Items from a dataset
▼

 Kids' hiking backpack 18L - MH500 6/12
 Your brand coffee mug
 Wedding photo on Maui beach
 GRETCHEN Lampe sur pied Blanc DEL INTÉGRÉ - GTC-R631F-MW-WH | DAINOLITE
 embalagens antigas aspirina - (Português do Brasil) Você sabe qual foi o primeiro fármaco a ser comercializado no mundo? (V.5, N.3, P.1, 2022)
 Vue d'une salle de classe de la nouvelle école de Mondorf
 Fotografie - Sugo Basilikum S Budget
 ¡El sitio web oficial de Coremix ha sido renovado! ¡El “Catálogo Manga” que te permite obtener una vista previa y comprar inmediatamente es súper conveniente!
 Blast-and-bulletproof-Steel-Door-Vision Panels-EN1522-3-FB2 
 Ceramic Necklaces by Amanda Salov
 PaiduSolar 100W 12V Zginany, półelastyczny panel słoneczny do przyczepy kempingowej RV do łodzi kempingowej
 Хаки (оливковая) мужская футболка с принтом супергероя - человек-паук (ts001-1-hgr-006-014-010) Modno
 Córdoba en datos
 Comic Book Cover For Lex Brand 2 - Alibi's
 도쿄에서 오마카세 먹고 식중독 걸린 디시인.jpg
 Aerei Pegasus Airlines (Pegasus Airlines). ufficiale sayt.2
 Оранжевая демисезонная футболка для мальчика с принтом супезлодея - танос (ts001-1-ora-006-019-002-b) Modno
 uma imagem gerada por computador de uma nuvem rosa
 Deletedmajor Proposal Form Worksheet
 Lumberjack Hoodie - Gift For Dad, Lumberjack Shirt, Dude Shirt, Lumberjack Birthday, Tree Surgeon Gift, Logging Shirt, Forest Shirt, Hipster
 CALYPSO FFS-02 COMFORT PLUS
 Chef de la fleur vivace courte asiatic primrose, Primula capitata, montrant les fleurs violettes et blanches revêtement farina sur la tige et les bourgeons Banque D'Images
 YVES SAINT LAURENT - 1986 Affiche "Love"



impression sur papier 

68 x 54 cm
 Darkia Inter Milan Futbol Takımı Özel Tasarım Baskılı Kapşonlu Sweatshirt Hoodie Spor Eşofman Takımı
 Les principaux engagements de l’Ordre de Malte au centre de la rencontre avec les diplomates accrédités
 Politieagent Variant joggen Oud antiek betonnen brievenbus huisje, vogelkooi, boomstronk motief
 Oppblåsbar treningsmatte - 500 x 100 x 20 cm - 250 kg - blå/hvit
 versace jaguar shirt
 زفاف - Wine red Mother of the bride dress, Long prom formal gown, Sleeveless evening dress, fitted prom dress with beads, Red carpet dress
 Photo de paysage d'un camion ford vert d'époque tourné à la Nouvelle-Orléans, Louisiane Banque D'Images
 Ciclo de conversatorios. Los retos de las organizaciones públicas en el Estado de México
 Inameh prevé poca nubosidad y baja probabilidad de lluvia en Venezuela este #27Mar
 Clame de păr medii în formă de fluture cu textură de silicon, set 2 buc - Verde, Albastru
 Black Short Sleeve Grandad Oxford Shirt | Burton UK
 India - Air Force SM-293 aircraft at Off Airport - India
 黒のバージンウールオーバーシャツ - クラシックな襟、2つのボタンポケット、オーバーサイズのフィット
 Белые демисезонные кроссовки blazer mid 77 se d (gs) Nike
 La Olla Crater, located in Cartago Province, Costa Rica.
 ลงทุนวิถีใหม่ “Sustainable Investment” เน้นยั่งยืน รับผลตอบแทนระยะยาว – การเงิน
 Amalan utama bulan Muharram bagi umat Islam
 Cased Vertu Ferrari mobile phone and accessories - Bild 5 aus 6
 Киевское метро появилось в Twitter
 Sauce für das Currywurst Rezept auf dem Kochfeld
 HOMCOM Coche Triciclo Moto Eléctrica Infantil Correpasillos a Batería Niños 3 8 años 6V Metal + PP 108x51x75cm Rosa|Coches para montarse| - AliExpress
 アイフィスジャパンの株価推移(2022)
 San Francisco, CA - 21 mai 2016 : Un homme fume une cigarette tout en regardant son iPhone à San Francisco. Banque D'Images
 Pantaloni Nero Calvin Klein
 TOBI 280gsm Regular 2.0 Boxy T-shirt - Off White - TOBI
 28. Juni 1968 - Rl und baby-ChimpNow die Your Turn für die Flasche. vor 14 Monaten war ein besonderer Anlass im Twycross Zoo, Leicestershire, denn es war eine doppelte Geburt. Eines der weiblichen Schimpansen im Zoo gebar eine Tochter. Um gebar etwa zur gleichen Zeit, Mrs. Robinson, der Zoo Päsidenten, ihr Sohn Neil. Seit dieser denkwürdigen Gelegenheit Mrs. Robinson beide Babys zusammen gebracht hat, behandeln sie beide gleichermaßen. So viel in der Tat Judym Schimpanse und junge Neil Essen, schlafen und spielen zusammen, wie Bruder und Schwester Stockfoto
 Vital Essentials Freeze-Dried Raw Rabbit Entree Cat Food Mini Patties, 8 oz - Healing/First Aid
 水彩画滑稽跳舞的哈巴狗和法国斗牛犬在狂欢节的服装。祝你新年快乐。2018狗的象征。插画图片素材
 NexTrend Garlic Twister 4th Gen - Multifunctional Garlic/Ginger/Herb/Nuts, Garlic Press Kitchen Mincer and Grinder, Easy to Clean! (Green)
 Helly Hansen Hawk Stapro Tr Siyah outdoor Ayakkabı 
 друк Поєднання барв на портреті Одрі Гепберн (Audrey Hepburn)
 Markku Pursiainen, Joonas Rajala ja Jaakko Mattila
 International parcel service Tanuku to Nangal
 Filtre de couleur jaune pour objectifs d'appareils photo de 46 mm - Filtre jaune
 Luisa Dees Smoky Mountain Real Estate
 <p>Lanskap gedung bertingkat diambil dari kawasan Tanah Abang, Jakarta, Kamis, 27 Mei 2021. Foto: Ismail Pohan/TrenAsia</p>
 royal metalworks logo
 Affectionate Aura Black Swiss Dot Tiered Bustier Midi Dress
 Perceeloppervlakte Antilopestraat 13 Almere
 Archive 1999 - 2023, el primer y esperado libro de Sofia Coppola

▲

:: THE TASK ::
For every entry above, give it back exactly as written.

:: RESULT OF THE EXERCISE ::
 Kids' hiking backpack 18L - MH500 6/12
 Your brand coffee mug
 Wedding photo on Maui beach
 GRETCHEN Lampe sur pied Blanc DEL INTÉGRÉ - GTC-R631F-MW-WH | DAINOLITE
 embalagens antigas aspirina - (Português do Brasil) Você sabe qual foi o primeiro fármaco a ser comercializado no mundo? (V.5, N.3, P.1, 2022)
 Vue d'une salle de classe de la nouvelle école de Mondorf
 Fotografie - Sugo Basilikum S Budget
 ¡El sitio web oficial de Coremix ha sido renovado! ¡El “Catálogo Manga” que te permite obtener una vista previa y comprar inmediatamente es súper conveniente!
 Blast-and-bulletproof-Steel-Door-Vision Panels-EN1522-3-FB2 
 Ceramic Necklaces by Amanda Salov
 PaiduSolar 100W 12V Zginany, półelastyczny panel słoneczny do przyczepy kempingowej RV do łodzi kempingowej
 Хаки (оливковая) мужская футболка с принтом супергероя - человек-паук (ts001-1-hgr-006-014-010) Modno
 Córdoba en datos
 Comic Book Cover For Lex Brand 2 - Alibi's
 도쿄에서 오마카세 먹고 식중독 걸린 디시인.jpg
 Aerei Pegasus Airlines (Pegasus Airlines). ufficiale sayt.2
 Оранжевая демисезонная футболка для мальчика с принтом супезлодея - танос (ts001-1-ora-006-019-002-b) Modno
 uma imagem gerada por computador de uma nuvem rosa
 Deletedmajor Proposal Form Worksheet
 Lumberjack Hoodie - Gift For Dad, Lumberjack Shirt, Dude Shirt, Lumberjack Birthday, Tree Surgeon Gift, Logging Shirt, Forest Shirt, Hipster
 CALYPSO FFS-02 COMFORT PLUS
 Chef de la fleur vivace courte asiatic primrose, Primula capitata, montrant les fleurs violettes et blanches revêtement farina sur la tige et les bourgeons Banque D'Images
 YVES SAINT LAURENT - 1986 Affiche "Love"



impression sur papier 

68 x 54 cm
 Darkia Inter Milan Futbol Takımı Özel Tasarım Baskılı Kapşonlu Sweatshirt Hoodie Spor Eşofman Takımı
 Les principaux engagements de l’Ordre de Malte au centre de la rencontre avec les diplomates accrédités
 Politieagent Variant joggen Oud antiek betonnen brievenbus huisje, vogelkooi, boomstronk motief
 Oppblåsbar treningsmatte - 500 x 100 x 20 cm - 250 kg - blå/hvit
 versace jaguar shirt
 زفاف - Wine red Mother of the bride dress, Long prom formal gown, Sleeveless evening dress, fitted prom dress with beads, Red carpet dress
 Photo de paysage d'un camion ford vert d'époque tourné à la Nouvelle-Orléans, Louisiane Banque D'Images
 Ciclo de conversatorios. Los retos de las organizaciones públicas en el Estado de México
 Inameh prevé poca nubosidad y baja probabilidad de lluvia en Venezuela este #27Mar
 Clame de păr medii în formă de fluture cu textură de silicon, set 2 buc - Verde, Albastru
 Black Short Sleeve Grandad Oxford Shirt | Burton UK
 India - Air Force SM-293 aircraft at Off Airport - India
 黒のバージンウールオーバーシャツ - クラシックな襟、2つのボタンポケット、オーバーサイズのフィット
 Белые демисезонные кроссовки blazer mid 77 se d (gs) Nike
 La Olla Crater, located in Cartago Province, Costa Rica.
 ลงทุนวิถีใหม่ “Sustainable Investment” เน้นยั่งยืน รับผลตอบแทนระยะยาว – การเงิน
 Amalan utama bulan Muharram bagi umat Islam
 Cased Vertu Ferrari mobile phone and accessories - Bild 5 aus 6
 Киевское метро появилось в Twitter
 Sauce für das Currywurst Rezept auf dem Kochfeld
 HOMCOM Coche Triciclo Moto Eléctrica Infantil Correpasillos a Batería Niños 3 8 años 6V Metal + PP 108x51x75cm Rosa|Coches para montarse| - AliExpress
 アイフィスジャパンの株価推移(2022)
 San Francisco, CA - 21 mai 2016 : Un homme fume une cigarette tout en regardant son iPhone à San Francisco. Banque D'Images
 Pantaloni Nero Calvin Klein
 TOBI 280gsm Regular 2.0 Boxy T-shirt - Off White - TOBI
 28. Juni 1968 - Rl und baby-ChimpNow die Your Turn für die Flasche. vor 14 Monaten war ein besonderer Anlass im Twycross Zoo, Leicestershire, denn es war eine doppelte Geburt. Eines der weiblichen Schimpansen im Zoo gebar eine Tochter. Um gebar etwa zur gleichen Zeit, Mrs. Robinson, der Zoo Päsidenten, ihr Sohn Neil. Seit dieser denkwürdigen Gelegenheit Mrs. Robinson beide Babys zusammen gebracht hat, behandeln sie beide gleichermaßen. So viel in der Tat Judym Schimpanse und junge Neil Essen, schlafen und spielen zusammen, wie Bruder und Schwester Stockfoto
 Vital Essentials Freeze-Dried Raw Rabbit Entree Cat Food Mini Patties, 8 oz - Healing/First Aid
 水彩画滑稽跳舞的哈巴狗和法国斗牛犬在狂欢节的服装。祝你新年快乐。2018狗的象征。插画图片素材
 NexTrend Garlic Twister 4th Gen - Multifunctional Garlic/Ginger/Herb/Nuts, Garlic Press Kitchen Mincer and Grinder, Easy to Clean! (Green)
 Helly Hansen Hawk Stapro Tr Siyah outdoor Ayakkabı 
 друк Поєднання барв на портреті Одрі Гепберн (Audrey Hepburn)
 Markku Pursiainen, Joonas Rajala ja Jaakko Mattila
 International parcel service Tanuku to Nangal
 Filtre de couleur jaune pour objectifs d'appareils photo de 46 mm - Filtre jaune
 Luisa Dees Smoky Mountain Real Estate
 <p>Lanskap gedung bertingkat diambil dari kawasan Tanah Abang, Jakarta, Kamis, 27 Mei 2021. Foto: Ismail Pohan/TrenAsia</p>
 royal metalworks logo
 Affectionate Aura Black Swiss Dot Tiered Bustier Midi Dress
 Perceeloppervlakte Antilopestraat 13 Almere
 Archive 1999 - 2023, el primer y esperado libro de Sofia Coppola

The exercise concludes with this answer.